- **Exercise aim**
Everything from the line holding "Wando East Homes" to the end of the listing below should be copied exactly, line for line, minus the pictures.

- **Collected material**

━━━━━━━━━━━━━━━━

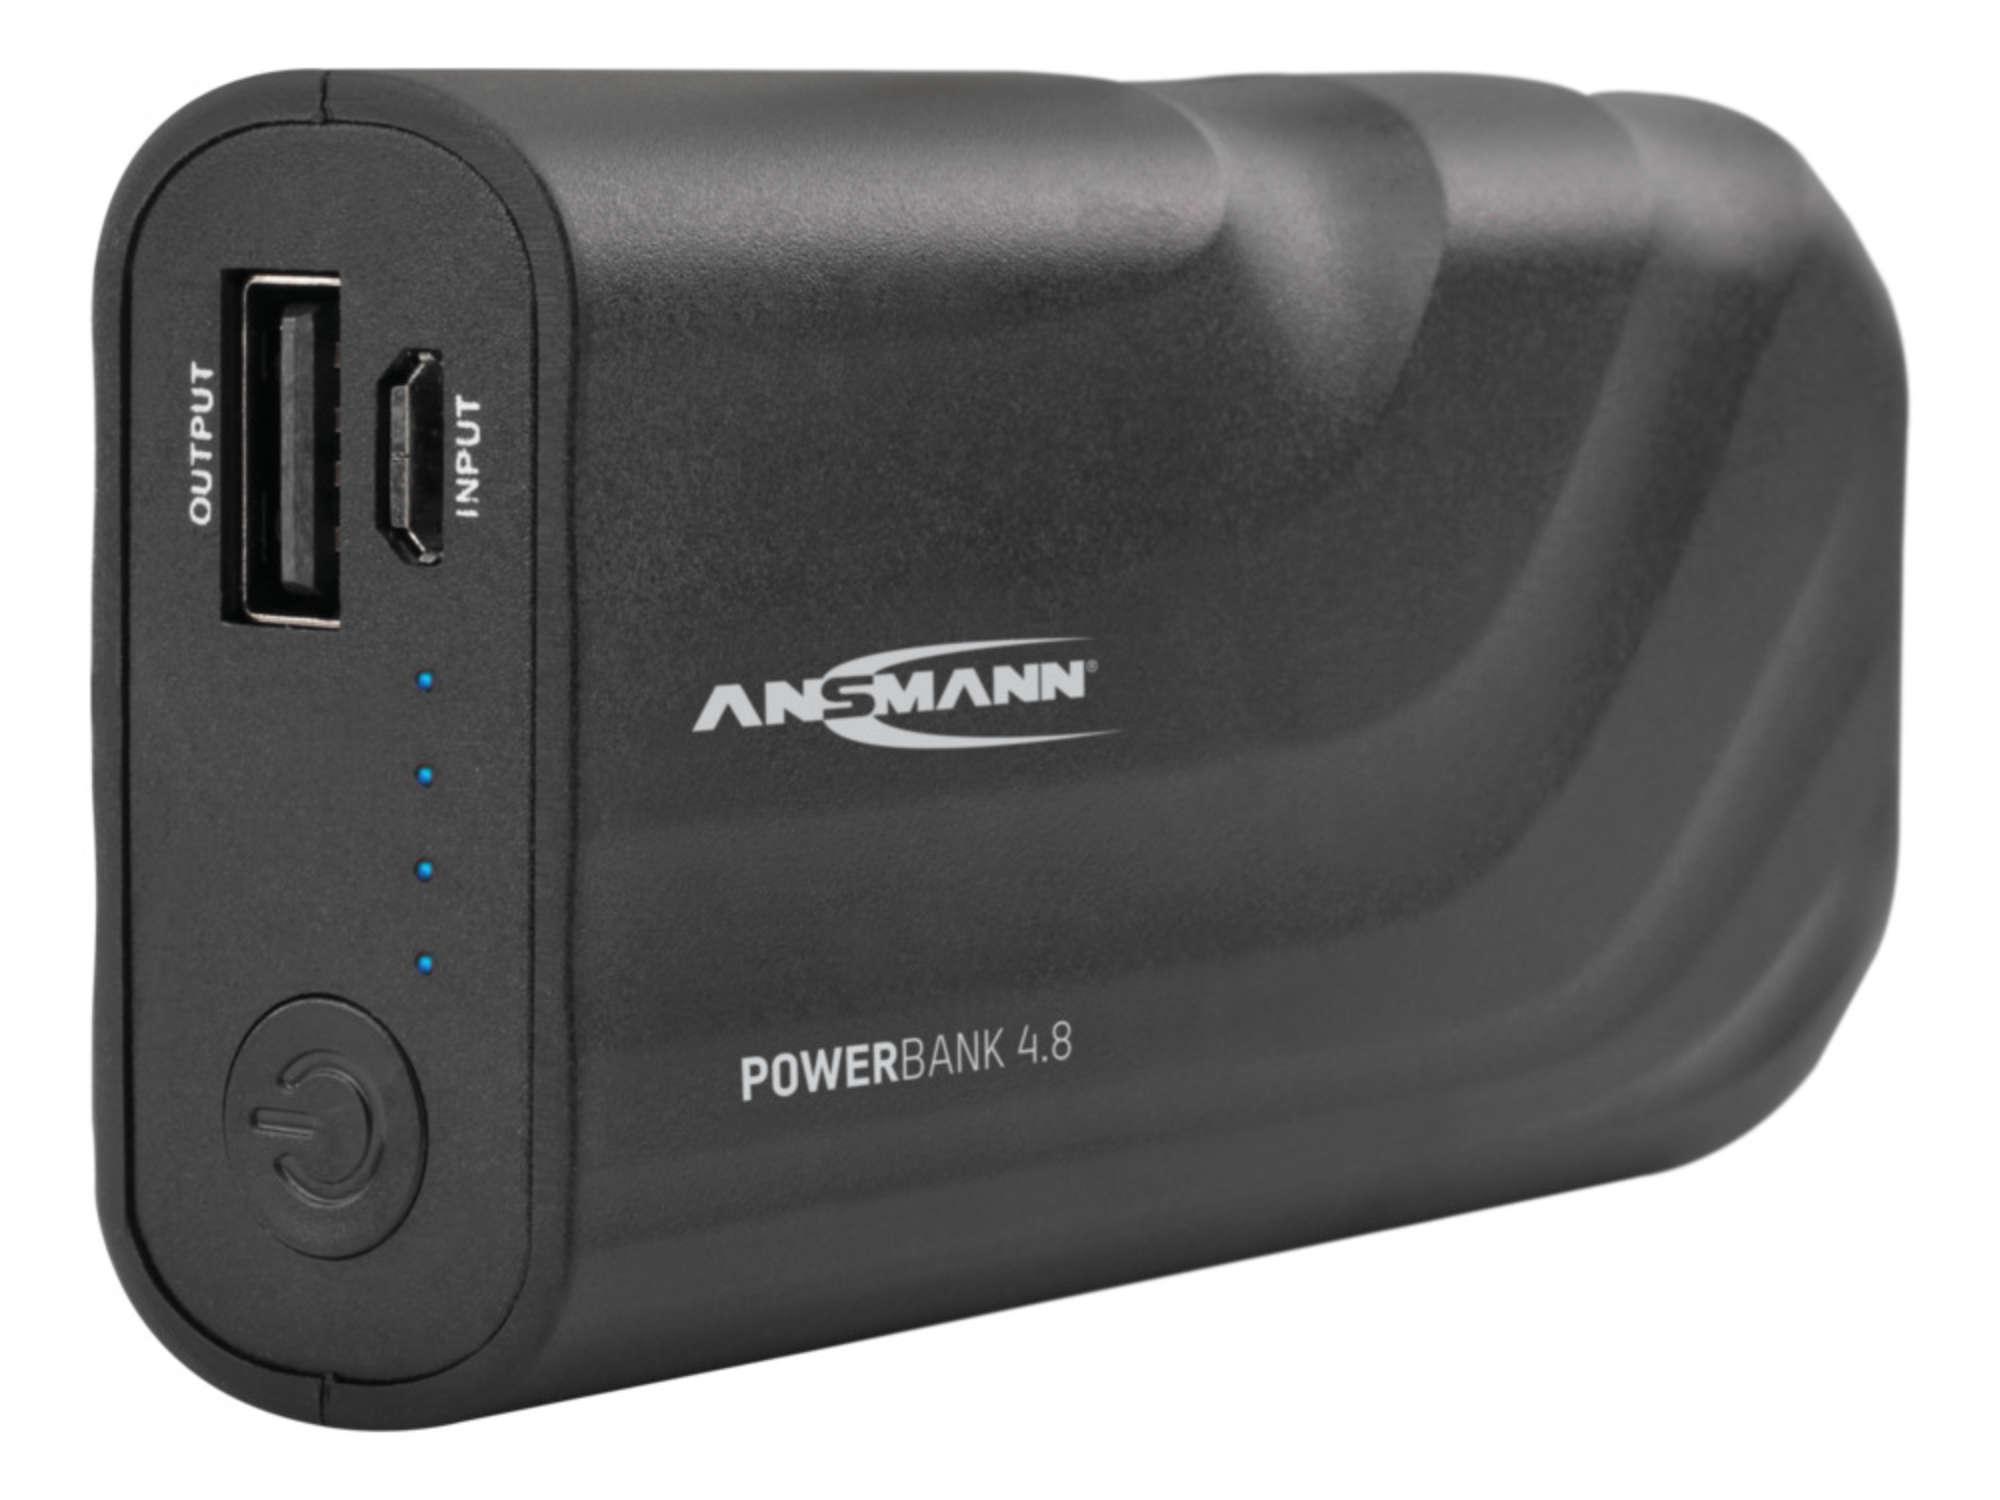 Powerbank 4.8
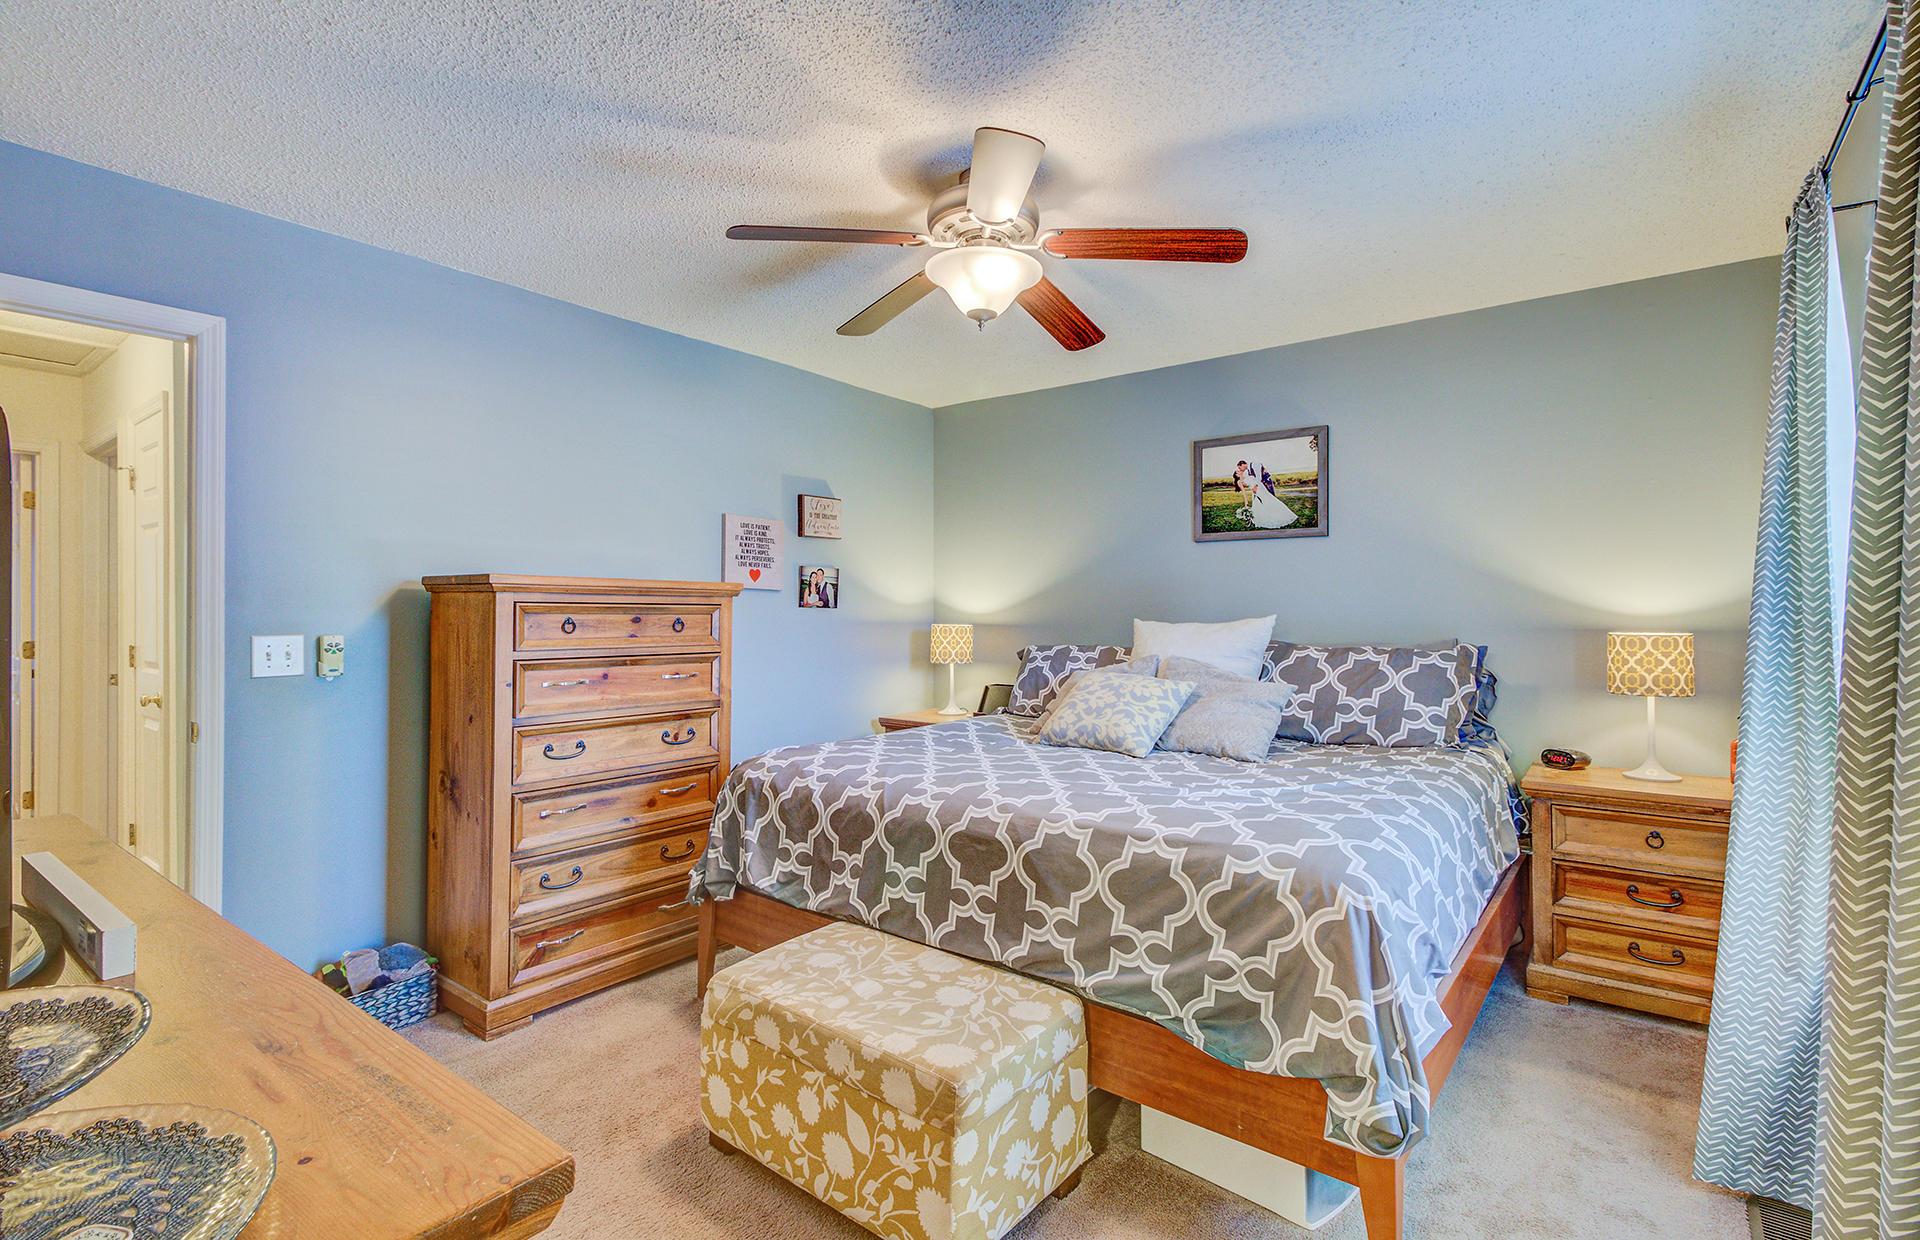 Wando East Homes For Sale - 1664 Hunters Run, Mount Pleasant, SC - 8
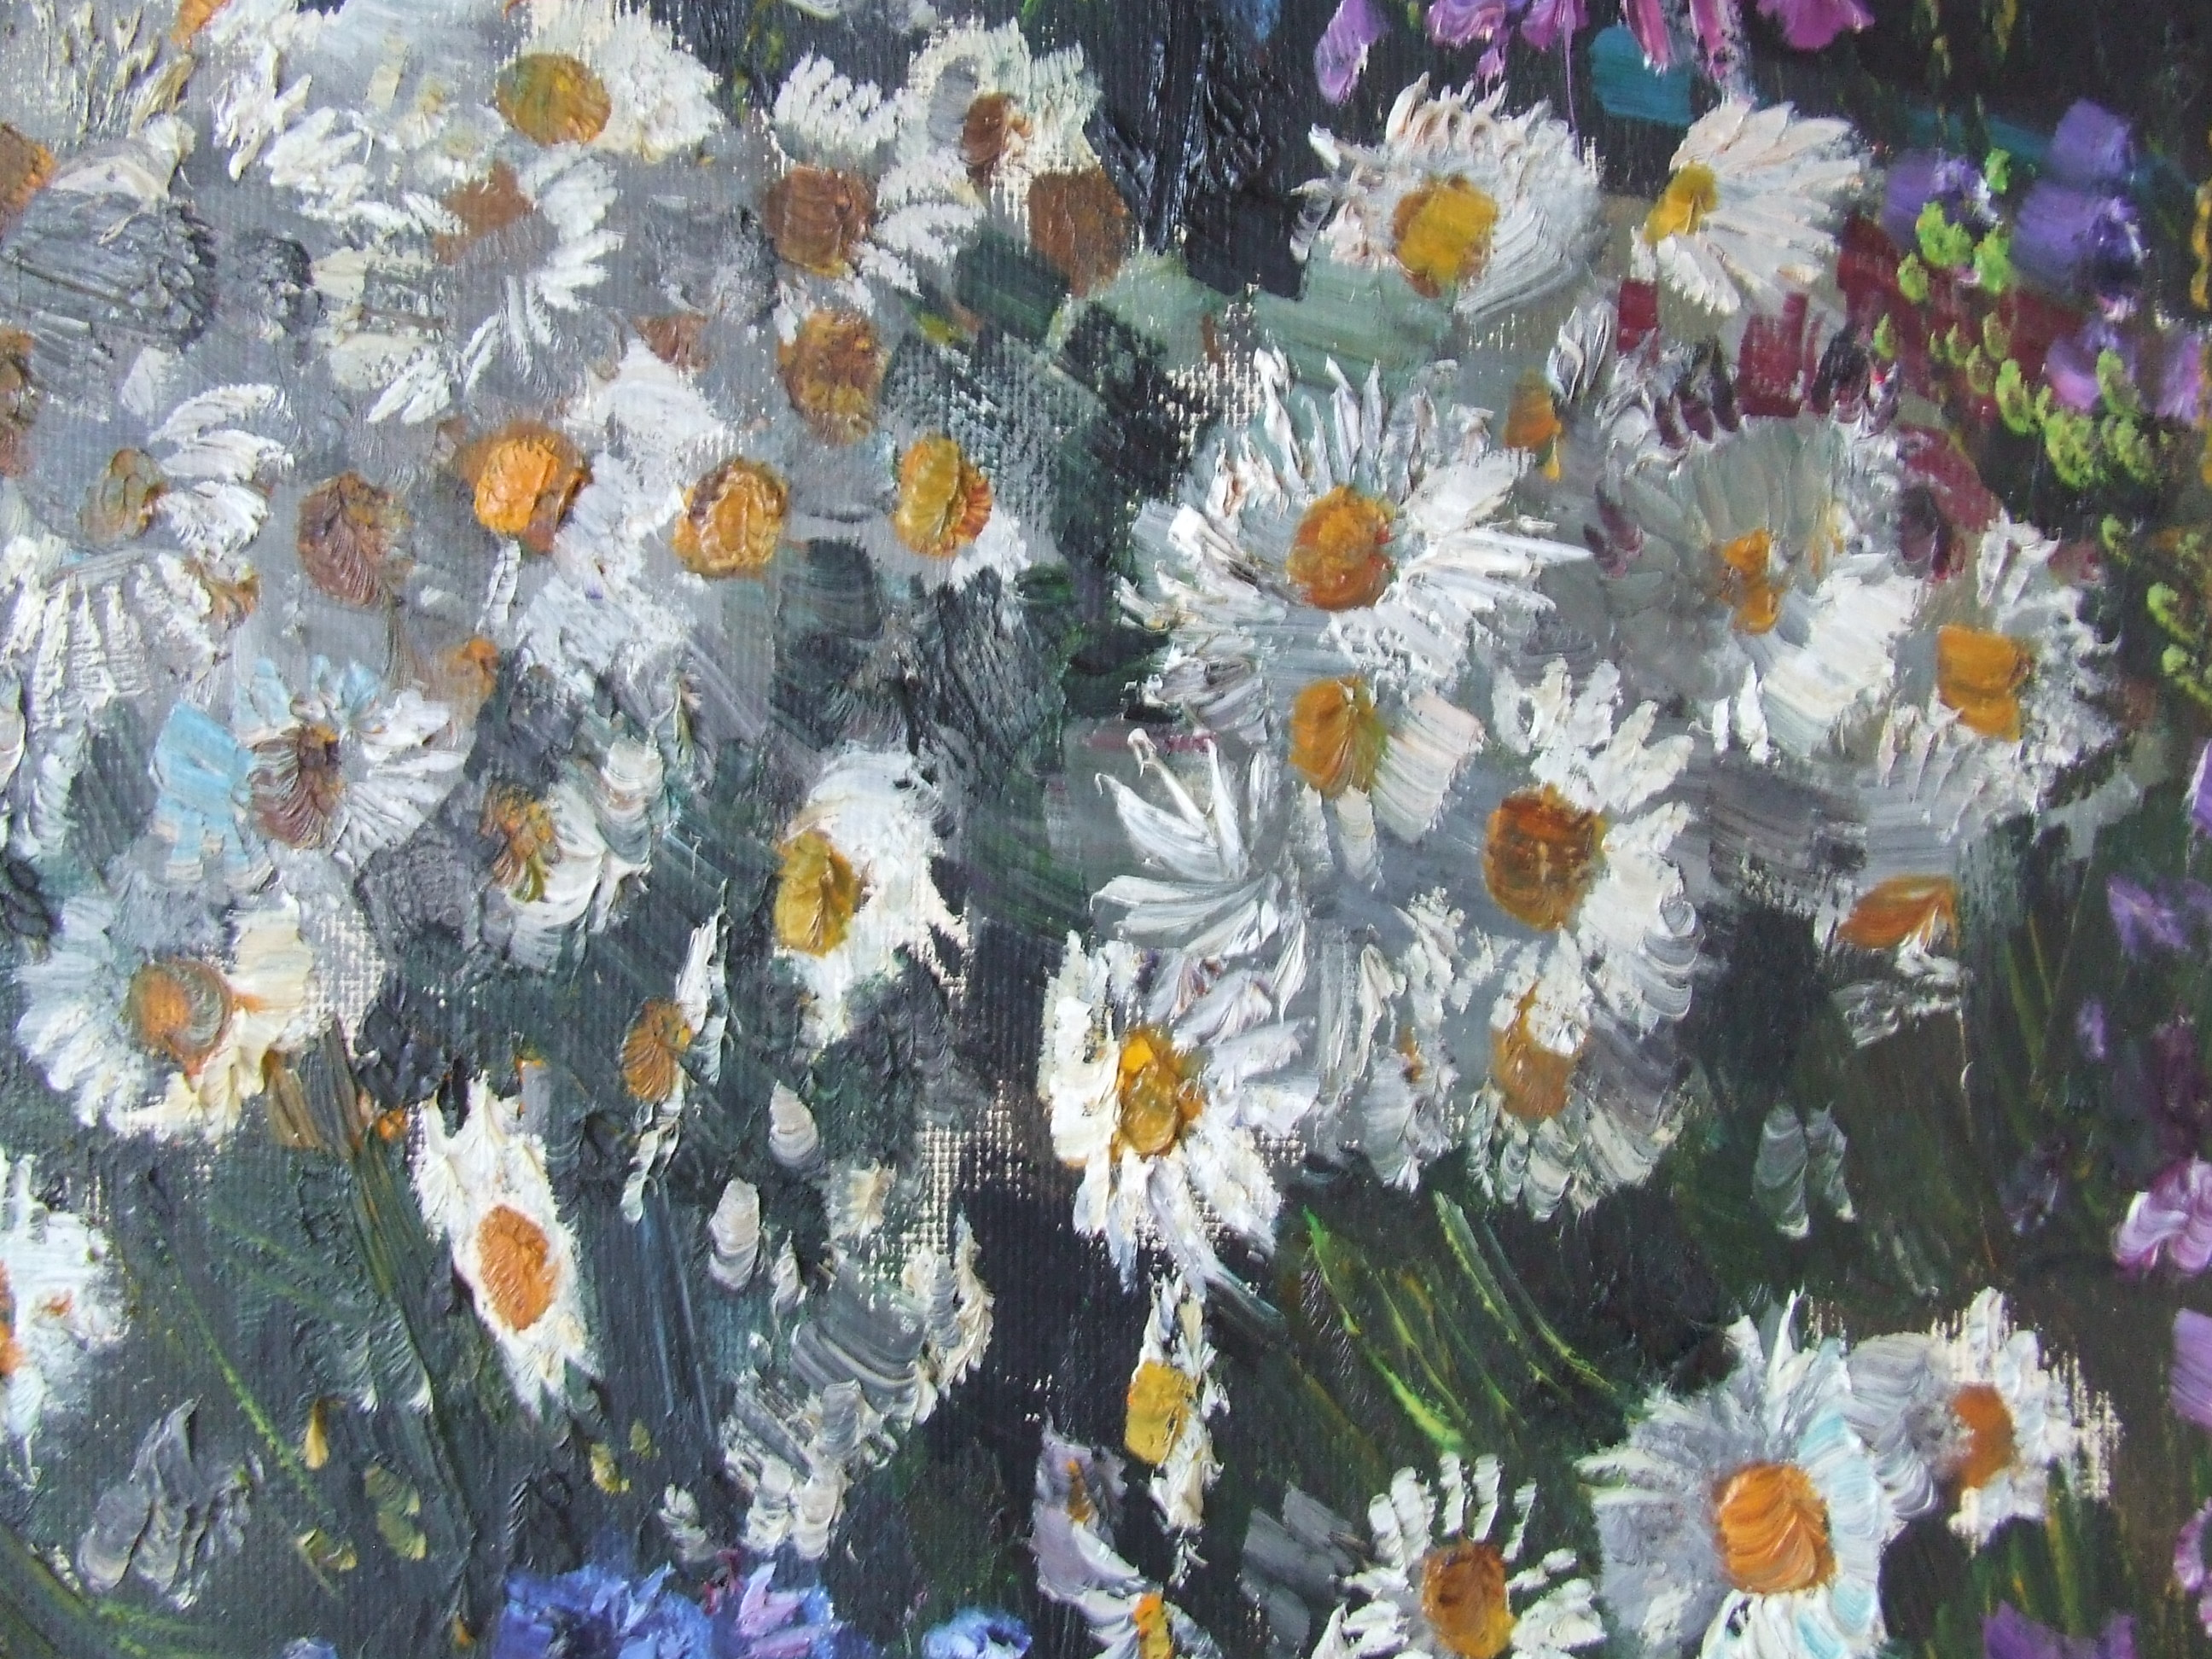 Натюрморт ваза с цветами 70-80 см., холст, масло 1981 год  - 1

━━━━━━━━━━━━━━━━

- **Task result**
 Wando East Homes For Sale - 1664 Hunters Run, Mount Pleasant, SC - 8
 Натюрморт ваза с цветами 70-80 см., холст, масло 1981 год  - 1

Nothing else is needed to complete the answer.